Start of Extracted material

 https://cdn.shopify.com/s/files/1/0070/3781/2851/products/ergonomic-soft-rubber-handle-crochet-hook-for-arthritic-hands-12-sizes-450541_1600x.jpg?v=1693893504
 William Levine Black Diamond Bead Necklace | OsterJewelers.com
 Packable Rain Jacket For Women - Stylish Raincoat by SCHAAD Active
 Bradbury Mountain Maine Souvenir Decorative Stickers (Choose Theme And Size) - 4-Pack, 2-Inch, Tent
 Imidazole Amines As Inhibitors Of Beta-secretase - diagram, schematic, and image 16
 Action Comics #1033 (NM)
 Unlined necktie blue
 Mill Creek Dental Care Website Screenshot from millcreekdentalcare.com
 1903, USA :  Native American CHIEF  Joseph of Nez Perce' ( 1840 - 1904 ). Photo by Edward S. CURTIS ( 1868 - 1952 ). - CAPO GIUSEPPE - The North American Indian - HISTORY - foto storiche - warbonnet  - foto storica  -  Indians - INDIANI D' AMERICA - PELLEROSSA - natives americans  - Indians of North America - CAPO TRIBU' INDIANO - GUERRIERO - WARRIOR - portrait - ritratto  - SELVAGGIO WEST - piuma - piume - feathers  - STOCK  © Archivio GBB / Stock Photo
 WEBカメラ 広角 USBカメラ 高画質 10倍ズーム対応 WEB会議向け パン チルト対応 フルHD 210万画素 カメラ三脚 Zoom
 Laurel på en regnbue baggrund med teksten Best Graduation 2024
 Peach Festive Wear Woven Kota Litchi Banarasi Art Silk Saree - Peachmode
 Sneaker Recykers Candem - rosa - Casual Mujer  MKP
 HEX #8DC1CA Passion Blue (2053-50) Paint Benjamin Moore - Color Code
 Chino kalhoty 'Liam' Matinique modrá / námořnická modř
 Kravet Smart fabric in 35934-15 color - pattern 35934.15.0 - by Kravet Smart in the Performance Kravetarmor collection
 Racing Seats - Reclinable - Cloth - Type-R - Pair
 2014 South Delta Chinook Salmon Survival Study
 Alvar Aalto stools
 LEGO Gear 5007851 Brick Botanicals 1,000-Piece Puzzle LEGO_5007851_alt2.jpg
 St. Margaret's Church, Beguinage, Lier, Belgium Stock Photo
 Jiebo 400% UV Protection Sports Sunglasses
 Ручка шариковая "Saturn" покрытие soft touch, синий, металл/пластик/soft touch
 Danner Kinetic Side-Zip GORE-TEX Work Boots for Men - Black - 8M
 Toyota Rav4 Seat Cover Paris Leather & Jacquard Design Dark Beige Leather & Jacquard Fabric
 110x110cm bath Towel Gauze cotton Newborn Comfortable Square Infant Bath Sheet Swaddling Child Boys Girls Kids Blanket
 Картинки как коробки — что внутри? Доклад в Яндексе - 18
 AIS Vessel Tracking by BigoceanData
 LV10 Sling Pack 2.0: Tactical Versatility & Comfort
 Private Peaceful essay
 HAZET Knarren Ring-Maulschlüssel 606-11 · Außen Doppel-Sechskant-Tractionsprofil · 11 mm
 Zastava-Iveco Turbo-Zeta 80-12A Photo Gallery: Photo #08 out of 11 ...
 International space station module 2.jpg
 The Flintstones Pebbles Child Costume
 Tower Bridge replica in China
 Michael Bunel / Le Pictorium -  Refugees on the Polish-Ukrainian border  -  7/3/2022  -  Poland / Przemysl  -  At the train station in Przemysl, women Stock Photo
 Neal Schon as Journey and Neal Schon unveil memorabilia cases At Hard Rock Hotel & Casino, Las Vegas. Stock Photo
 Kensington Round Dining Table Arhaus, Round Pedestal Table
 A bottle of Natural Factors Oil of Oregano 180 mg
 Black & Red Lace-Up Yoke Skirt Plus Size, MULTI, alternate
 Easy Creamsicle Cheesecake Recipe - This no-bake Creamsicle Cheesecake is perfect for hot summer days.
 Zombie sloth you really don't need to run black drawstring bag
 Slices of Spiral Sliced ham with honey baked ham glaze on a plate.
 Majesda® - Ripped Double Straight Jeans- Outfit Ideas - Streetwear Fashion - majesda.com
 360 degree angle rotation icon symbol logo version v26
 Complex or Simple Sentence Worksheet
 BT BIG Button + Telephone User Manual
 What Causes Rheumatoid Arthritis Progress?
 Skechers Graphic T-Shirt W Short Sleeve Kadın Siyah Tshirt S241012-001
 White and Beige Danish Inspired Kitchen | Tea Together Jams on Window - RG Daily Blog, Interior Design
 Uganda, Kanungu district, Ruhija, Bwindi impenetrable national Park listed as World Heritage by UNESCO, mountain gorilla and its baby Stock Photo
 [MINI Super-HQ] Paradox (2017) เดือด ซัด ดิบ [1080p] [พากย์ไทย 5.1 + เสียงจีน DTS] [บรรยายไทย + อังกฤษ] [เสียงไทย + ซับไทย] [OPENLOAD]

End of Extracted material

— Work to complete —
Using only the listing above, restate exactly the lines from the line containing "White and Beige" through the line containing "Uganda, Kanungu district, Ruhija, Bwindi", both included.

— Your solution —
 White and Beige Danish Inspired Kitchen | Tea Together Jams on Window - RG Daily Blog, Interior Design
 Uganda, Kanungu district, Ruhija, Bwindi impenetrable national Park listed as World Heritage by UNESCO, mountain gorilla and its baby Stock Photo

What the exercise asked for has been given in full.